Economy · August 4, 2022

The Bank of England raises interest rates by 0.5 percentage points

Britain faces a protracted recession and the worst standard of living squeeze in more than 60 years, the Bank of England warned Thursday that it had drastically hiked interest rates and expects inflation to hit 13% by the end of the year. end of year.

Eight of the nine members of the Monetary Policy Committee voted to raise interest rates by 0.5 percentage points to 1.75 percent, the highest level since the global financial crisis.

This follows the aggressive steps of the European Central Bank and the US Federal Reserve in the face of soaring inflation. Silvana Tenreyro, an outside member, voted against the majority for a 0.25 percentage point lower increase.

The BoE said that due to the latest hike in gas prices, it now expects inflation to rise more than 13% at the end of the year – much higher than its May forecast – and remain at “levels. very high “throughout 2023 before falling back to the 2% target within two years.
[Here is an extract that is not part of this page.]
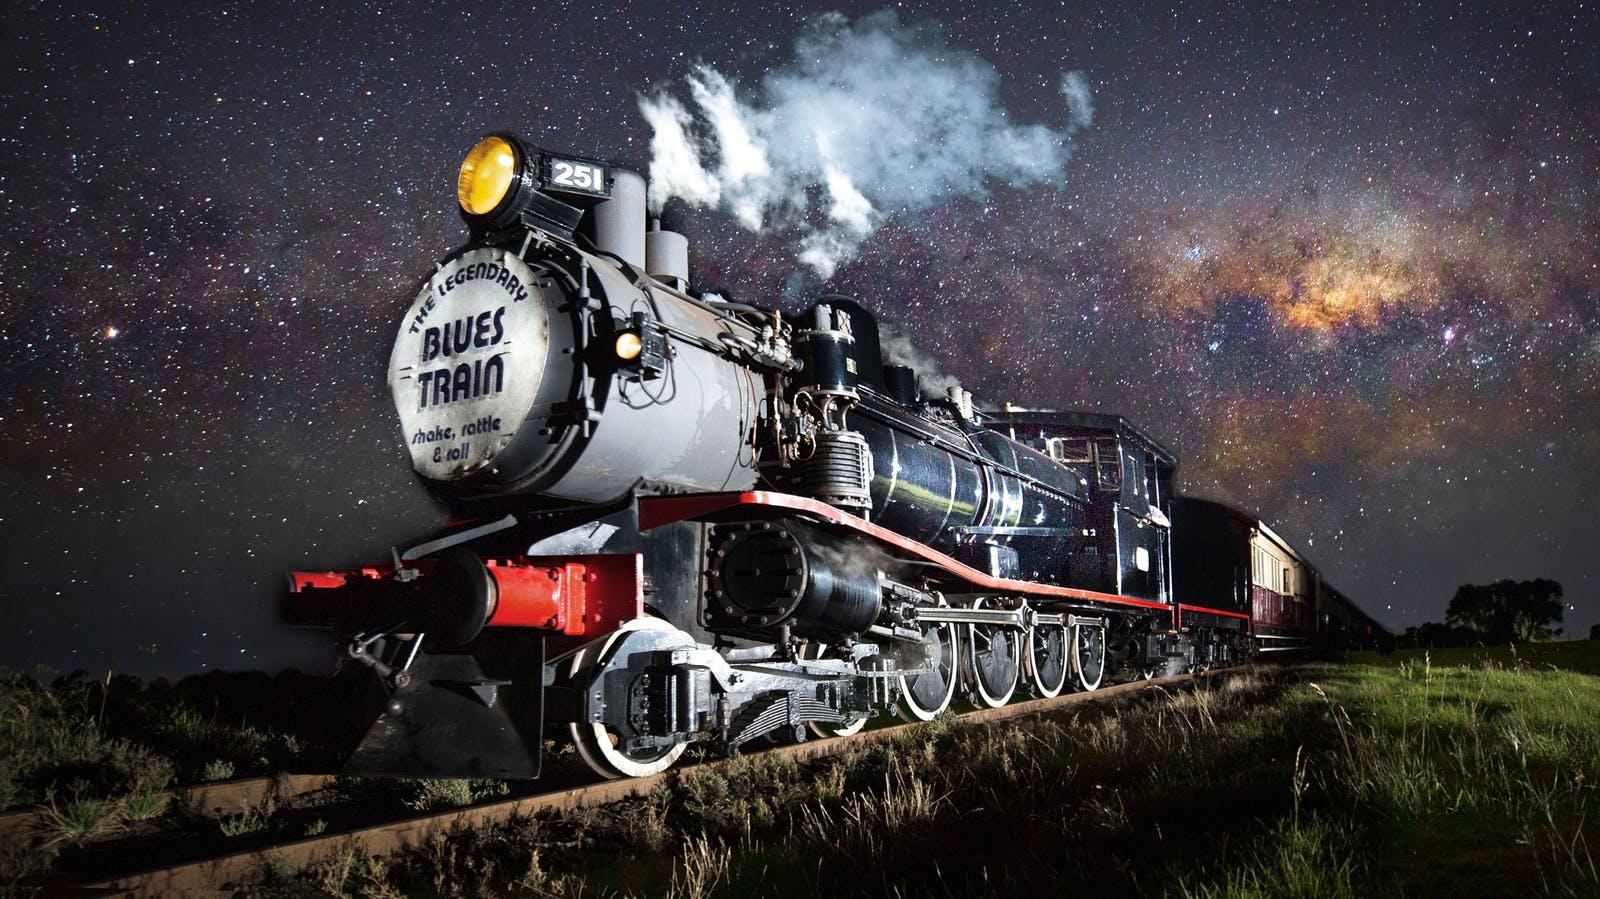 The Blues Train and TClass 251 engine
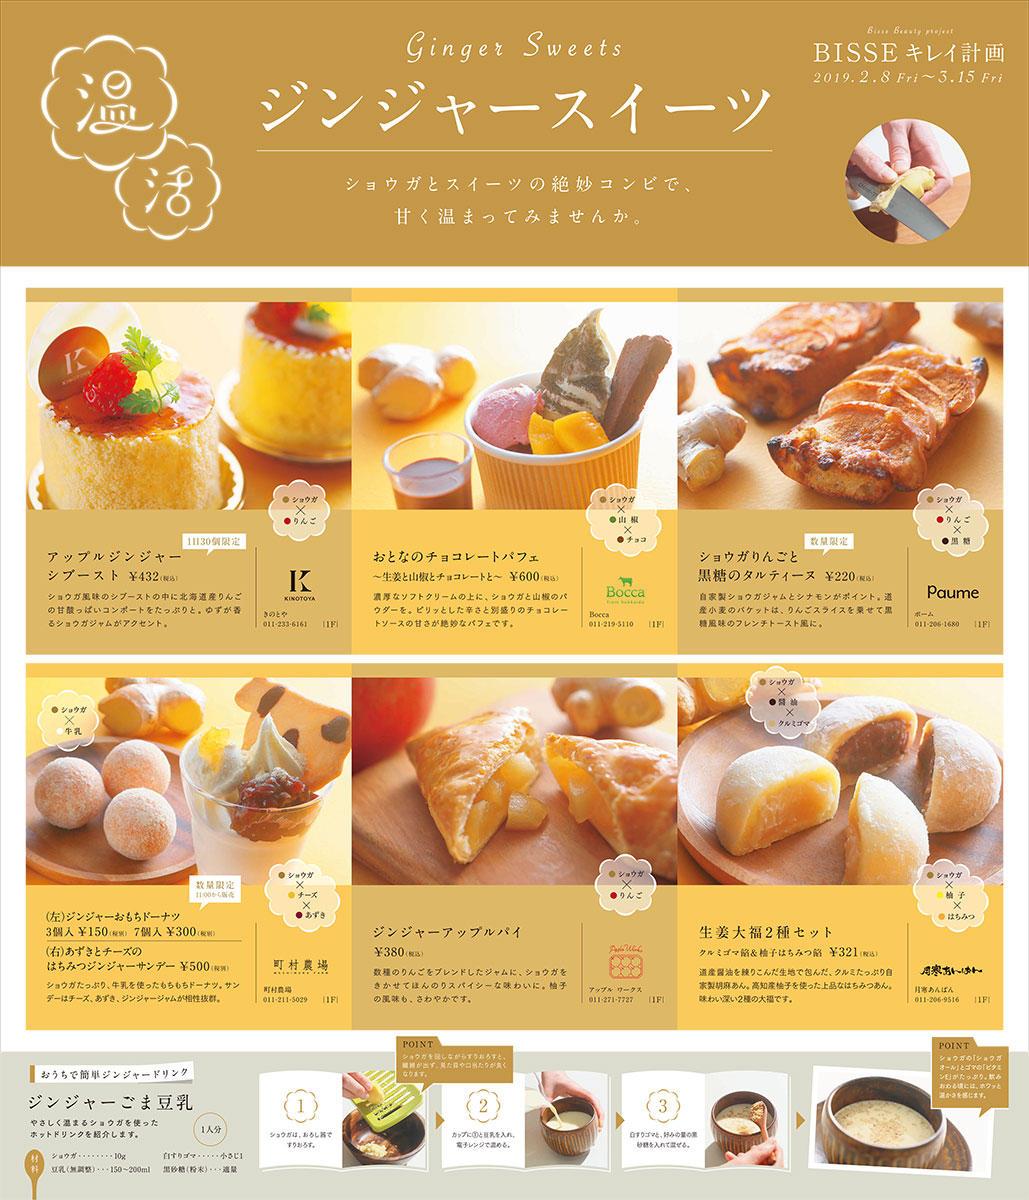 https://www.odori-bisse.com/info/news_190206_img2.jpg

The pound fell 0.4% to $ 1.209 after the news, while the 10-year UK government bond yield fell 0.07 percentage points to 1.85%.

The nearly doubling of wholesale gas prices since May could push the typical annual household fuel bill from just under £ 2,000 to around £ 3,500 when regulated prices rise in October, the BoE said.

With wages rising to around half the inflation rate, his forecasts showed that after-tax household income would decline in real terms in both 2022 and 2023, even after taking into account the government’s announced fiscal support. in May. more than 5% of household income would be the worst ever recorded, with data dating back to the 1960s.

Bank of England benchmark rate (%) line chart showing UK interest rates rise by half a point for the first time in 27 years

Even with households running out of savings, consumer spending is set to decline over the next year, the BoE said, dragging down economic growth. His forecasts showed a much deeper-than-expected GDP contraction in May, with the economy entering recession in the fourth quarter of 2022 and continuing to shrink for five successive quarters.

A peak-to-low drop in GDP of 2.1 percent would be comparable to that seen in the early 1990s, and the BoE said that even once the economy is out of recession, it expects “very weak growth for” historical standards “.

The BoE’s aggressive tightening of monetary policy will exacerbate the immediate squeeze on household incomes, but the central bank said it could not prevent an adjustment caused by the major global shocks.

The MPC said it would take action if a long period of high inflation caused by global factors led to “more lasting” domestic price pressures, repeating its earlier guidance that it would “act forcefully” if necessary. However, he also pointed out that the policy “was not on a predetermined path”, suggesting that the 50 basis point rate hike wasn’t necessarily the first of many.

The BoE’s central forecast, which is based on the market’s expectations of interest rates rising to 3% next year, showed inflation still double-digit in the third quarter of 2023, but a year later it was returning to its target. 2% set by the central bank. If the BoE does not take further policy action, its forecasts show that inflation would still fall below 2% by the end of 2024.

The BoE said the uncertainty surrounding its core forecasts – which assumes energy prices will follow market expectations for the next six months but then remain unchanged – was “exceptionally large”, but that the published alternative scenarios showed still “very high short-term inflation, a drop in GDP in the next year and a marked decline in inflation thereafter”.

The bank is under increasing political pressure to curb inflation after Liz Truss said she would try to change her tenure if she won the Tory leadership contest and became UK Prime Minister.

The BoE also planned to begin monthly sales of the £ 875bn of assets it has accumulated under its quantitative easing program since 2009. It said it intended to start selling gilts shortly after the September meeting, with the aims to reduce its shares by approximately £ 80 billion during the first 12 months. Given the profile of gilts maturing over this period, this would imply a sales program of around £ 10bn per quarter.